It’s been a strange couple of months. Between recent illness and receiving some sad news, it has felt difficult to focus on my work or feel that it is very important in comparison to other things that are going on. The benefits of doing a PhD are a high amount of flexibility and being able to direct your own time. However, this also means that when things aren’t going so well, no one is there day-to-day to make sure that you are still getting on with your work. But time has been marching on nonetheless- I’m now 18 months into my 3 years of funding, and the fact remains that I have to finish this thing.
Second year is an odd time. People who are further ahead with their PhD than me say that second year was their favourite because by this point you know what you’re doing (unlike in the first year), but aren’t under the pressure to finish like during the final year. I understand what they mean, but in a way I feel like things are more uncertain than they ever have been. First year, though scary because most of the time you have no idea what you’re doing, was at least more structured. At my university, the upgrade process was divided in two, which meant that there were two defined deadlines for which I had to write progress reports. Compared to this, second year feels like a mass of uncertainty.
It feels like all of my work is built on shifting ground. I have data, but little analysis. Ideas for how I’m actually going to write about my data change all the time. After finishing my first draft chapter I feel like I ought to have a clearer picture of what the rest of my chapters will be like, but in reality I just don’t. One of my supervisors has told me that I just need to embrace the uncertainty and accept that eventually it will all come together, but I’m finding this really difficult!
Since the start of February I have had quite a few self-imposed deadlines. I’ve needed to submit abstracts before closing dates, write and deliver conference presentations and teach lectures and seminars. Glad as I am that these things have been successfully completed and are now behind me, they served as key milestones to be worked towards. Having these deadlines also forced me to complete particular amounts of work within timeframes that otherwise I would probably not have worked to.
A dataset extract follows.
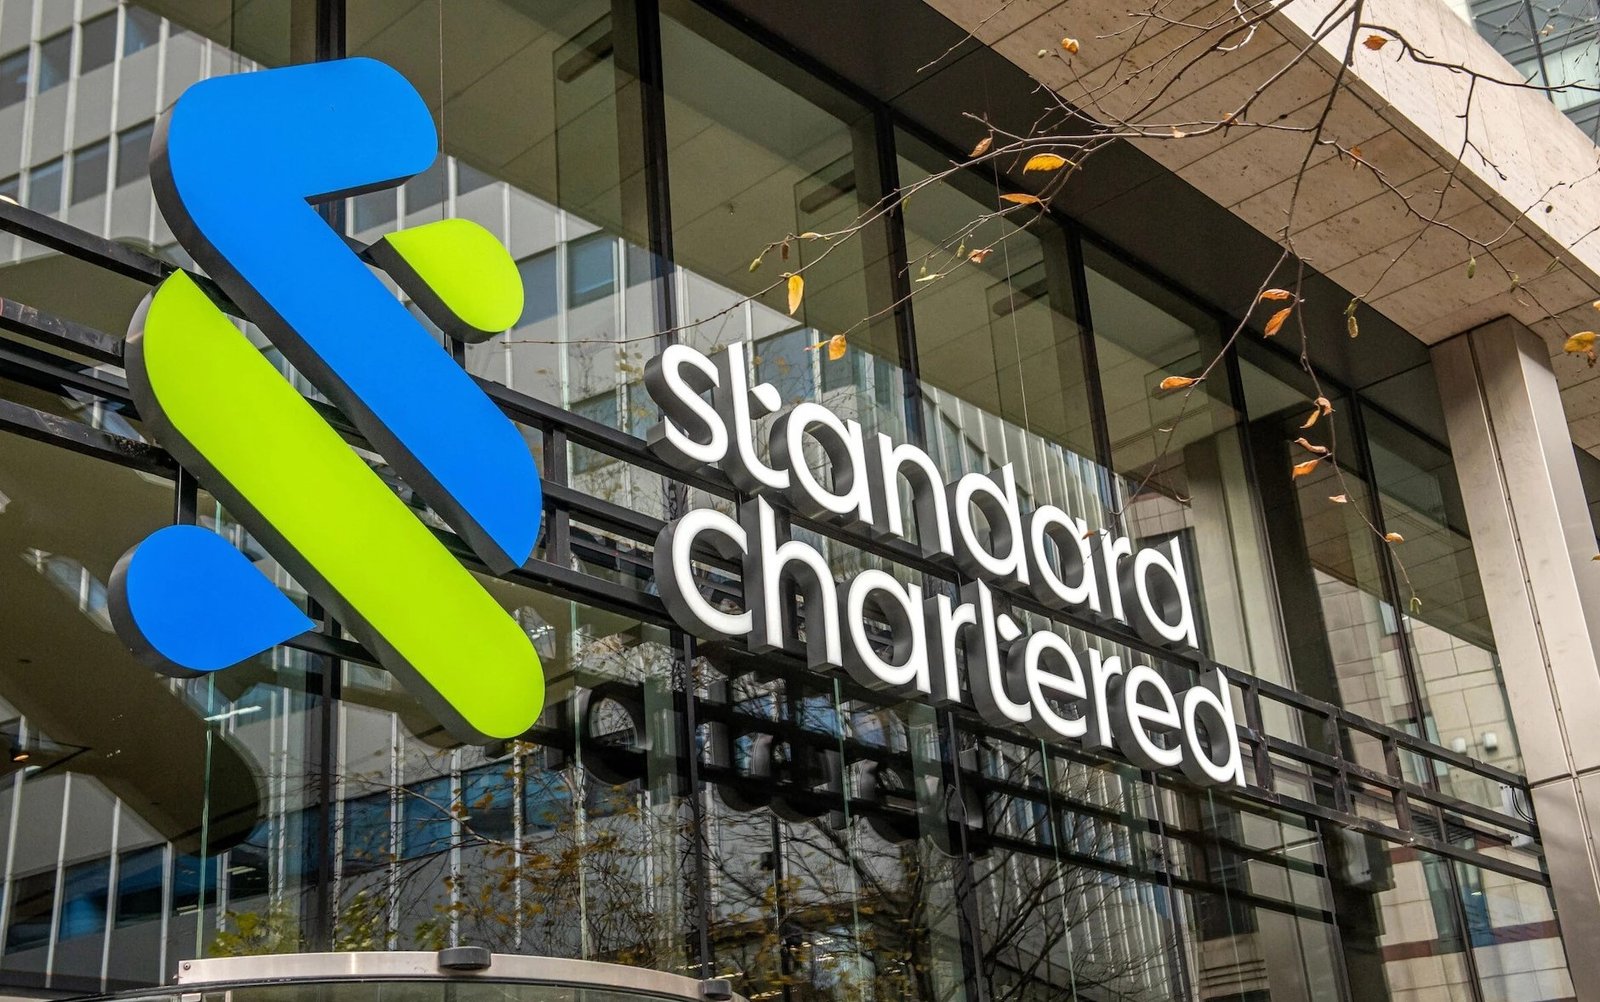 Standard Chartered Bank Marketing Mix

Sometimes I wish that the PhD was more structured and that someone would just tell me what to do for a while. I especially feel this way at the moment, when it feels difficult to work because of other things happening in my life. Yet I know that a lot of the value of doing a PhD lies in learning to be self-motivated and have faith in my own judgments and decisions about my work. I’m gradually realising that completing a PhD is much more about endurance and resilience than it is about intelligence or knowledge.
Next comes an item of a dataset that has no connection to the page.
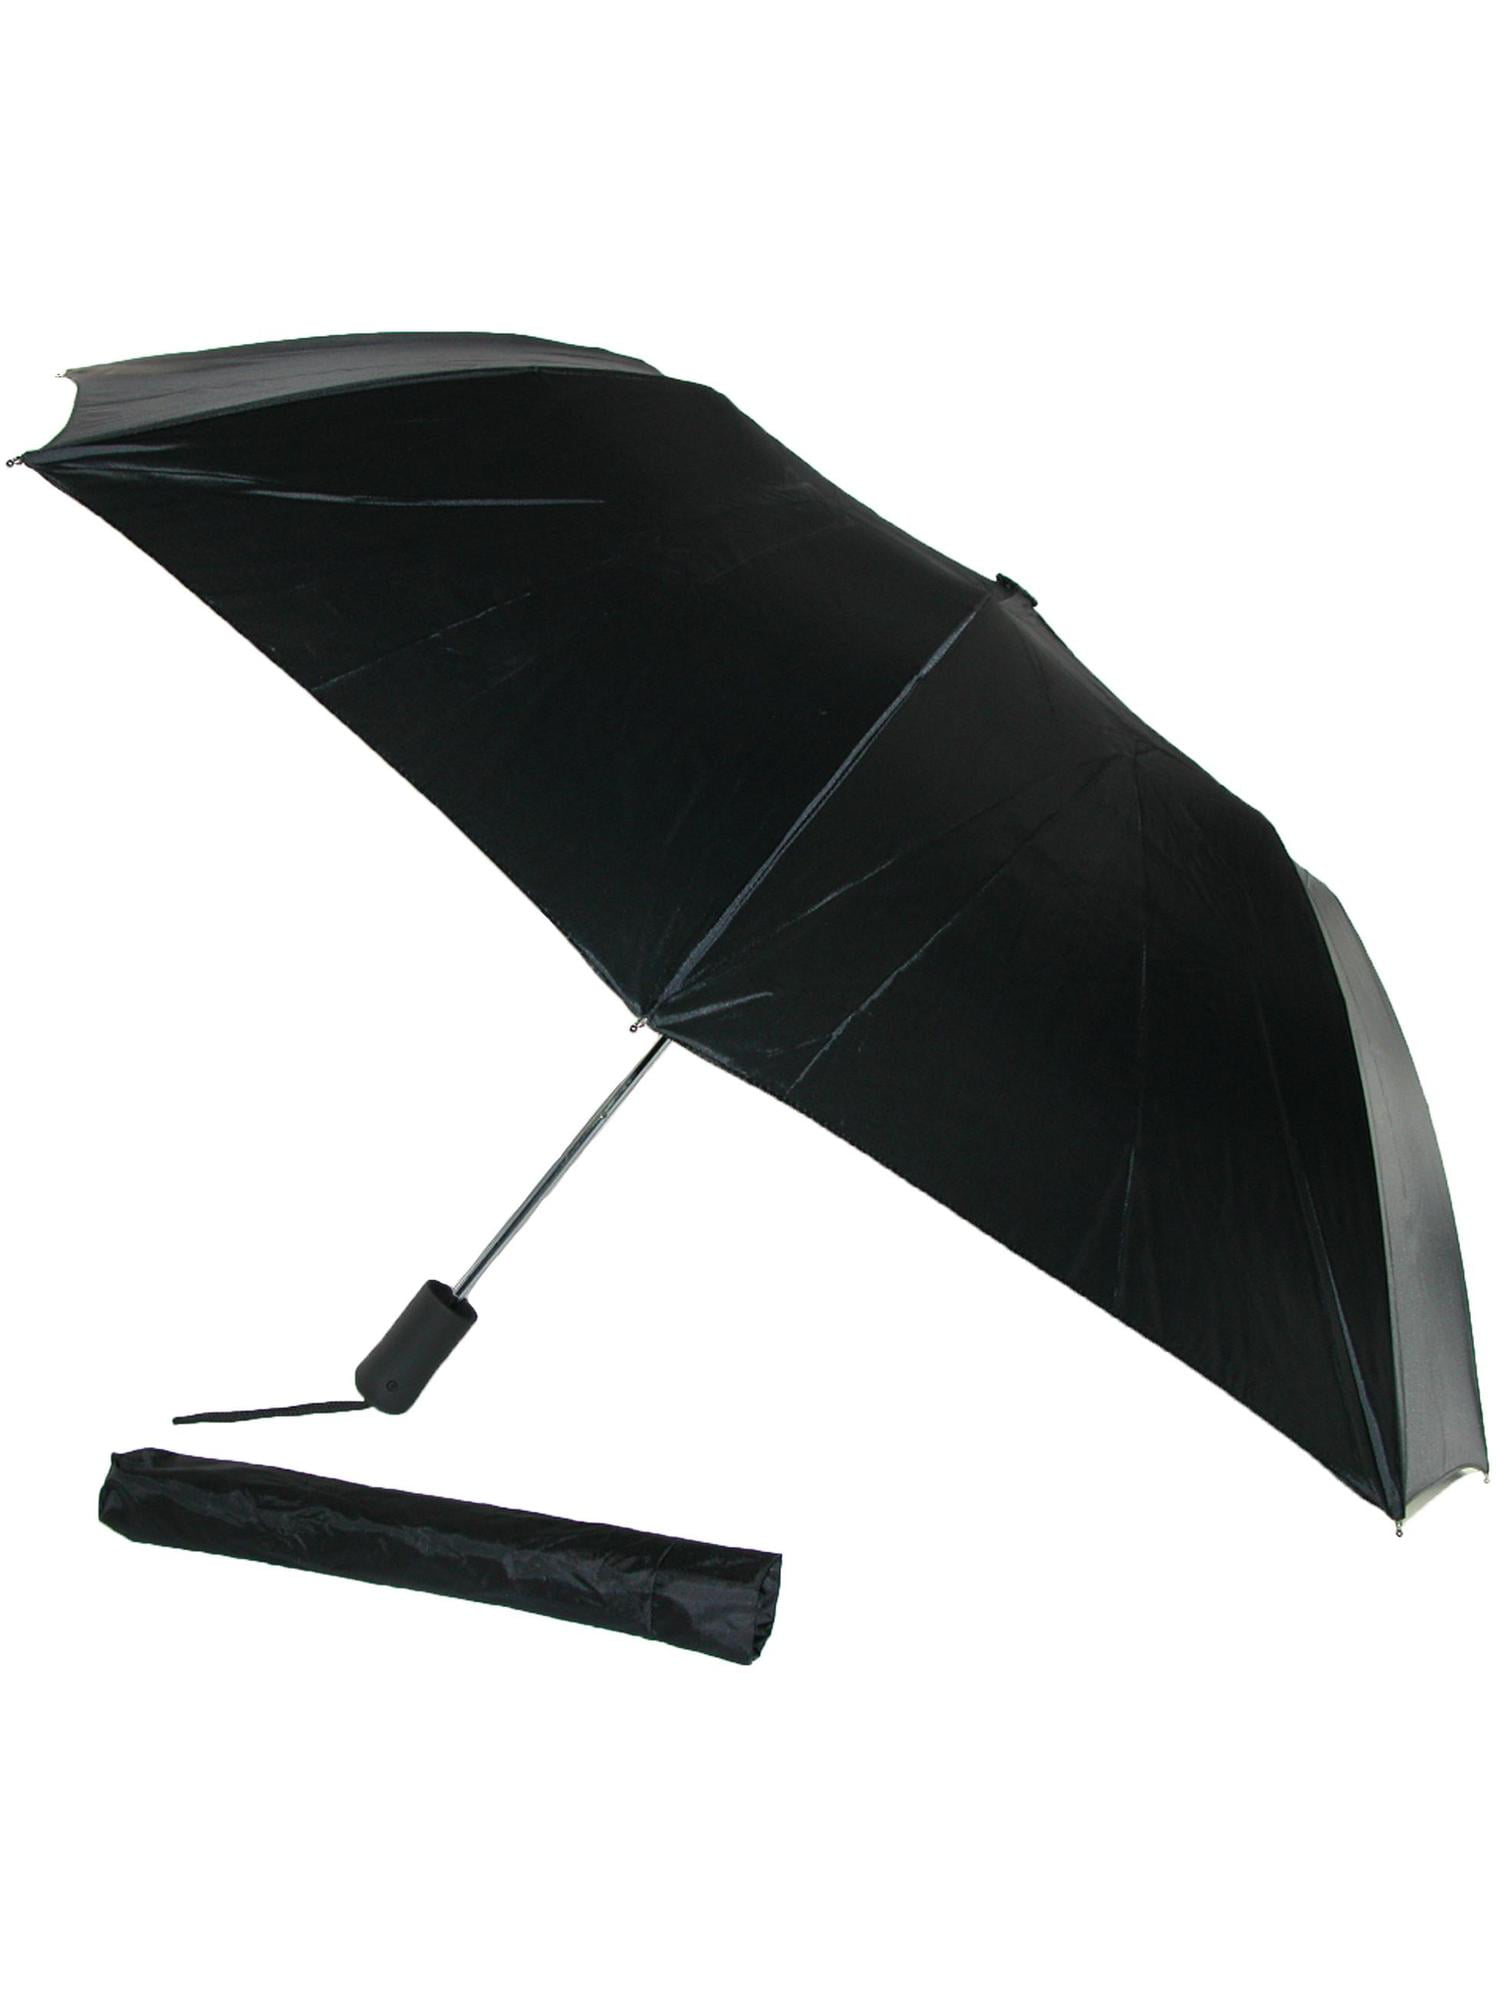 It Was All A Dream Automatic Umbrella Auto Open Close Folding Windproof Foldable For Men Women Kids

In his research on the stages of doctoral study, Grover (2007) refers to second year as the ‘stage of engagement’ where students begin to work with a clear sense of purpose. Nice as this sounds, I’m not sure it’s particularly accurate. I’d argue that second year is actually more about learning to grit your teeth against the uncertainty and focus on the long-term goal- finishing the bloody thing! So in the next few days I’m going to try and do this. I’ll spend some time assessing what I’ve achieved so far, reflect on what I’ve learned, and consider how to move forward into the second half of this endurance test we call the PhD.